English bespoke tailor and shirt-maker

Dege & Skinner is an English bespoke gentleman's tailor and shirt-maker located at 10 Savile Row, London. Founded in 1865, they are one of the oldest, continually operated bespoke tailoring companies in the world. They have the Row's first and only permanent on-site, bespoke shirt service.

The company has obtained three royal warrants of appointment: Queen Elizabeth II (1984), the Sultan of Oman (1981), and the King of Bahrain (2003).
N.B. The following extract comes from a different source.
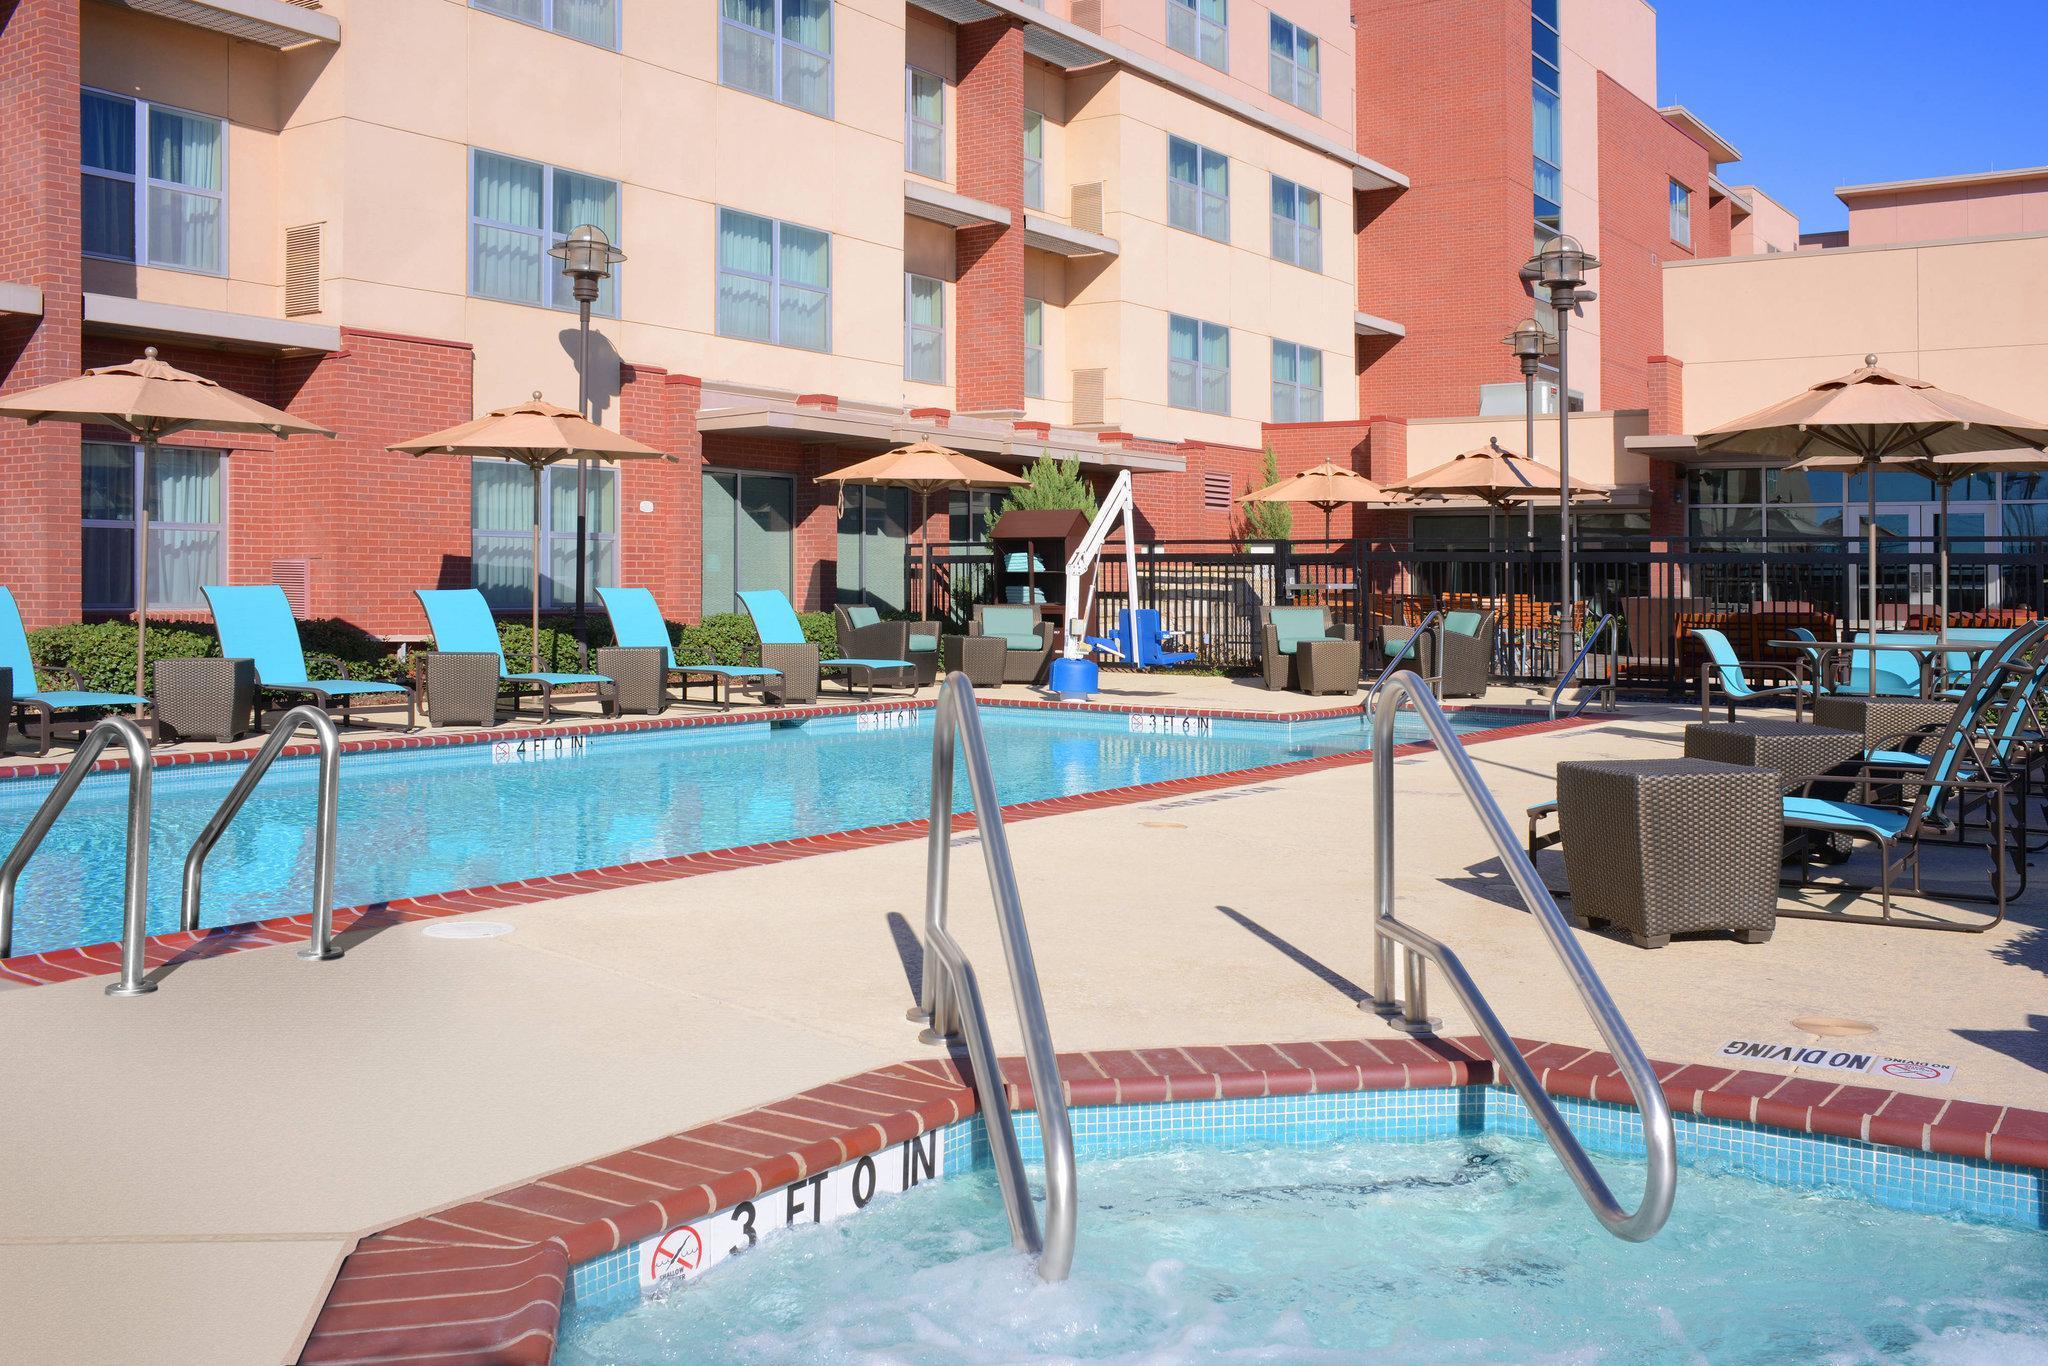 Residence Inn by Marriott Dallas Plano/The Colony, Denton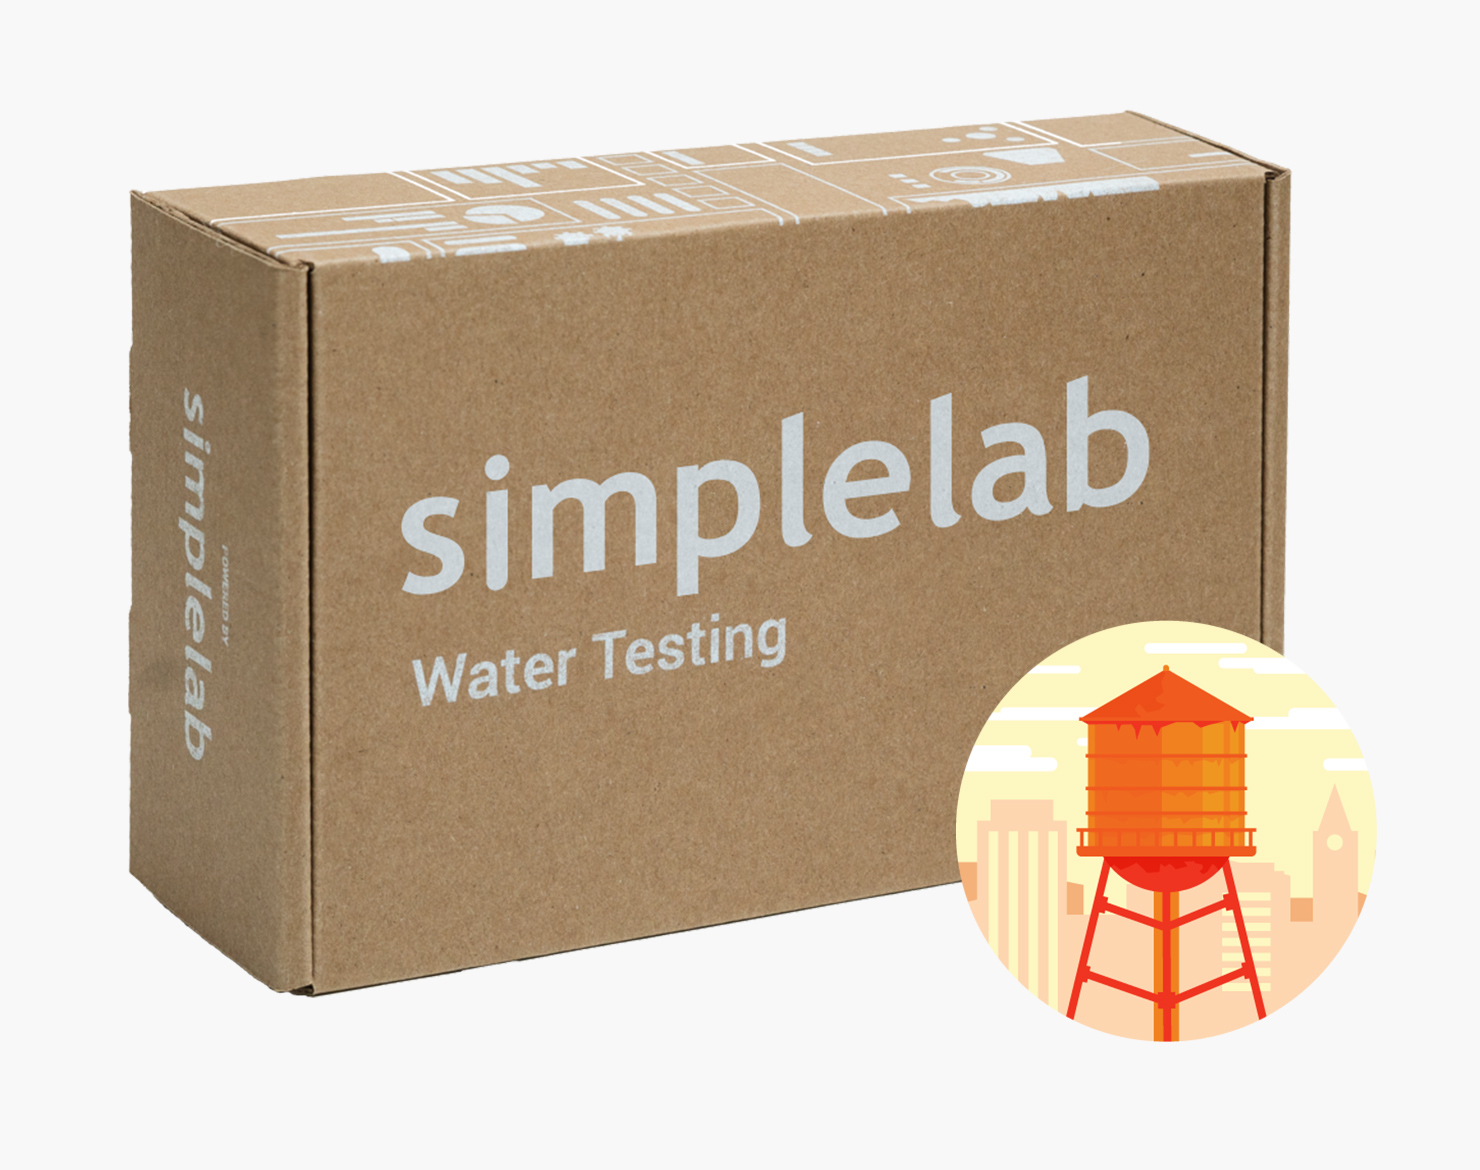 SimpleLab-Water-Test-Box-on-Blue-City

The firm provides bespoke and military tailoring, as well as selling a ready-to-wear collection, with almost half of their customers residing overseas.

==History==
Dege & Skinner's business was originally based on catering for the needs of the British Army and the Royal Navy, and hence by association with the British royal family.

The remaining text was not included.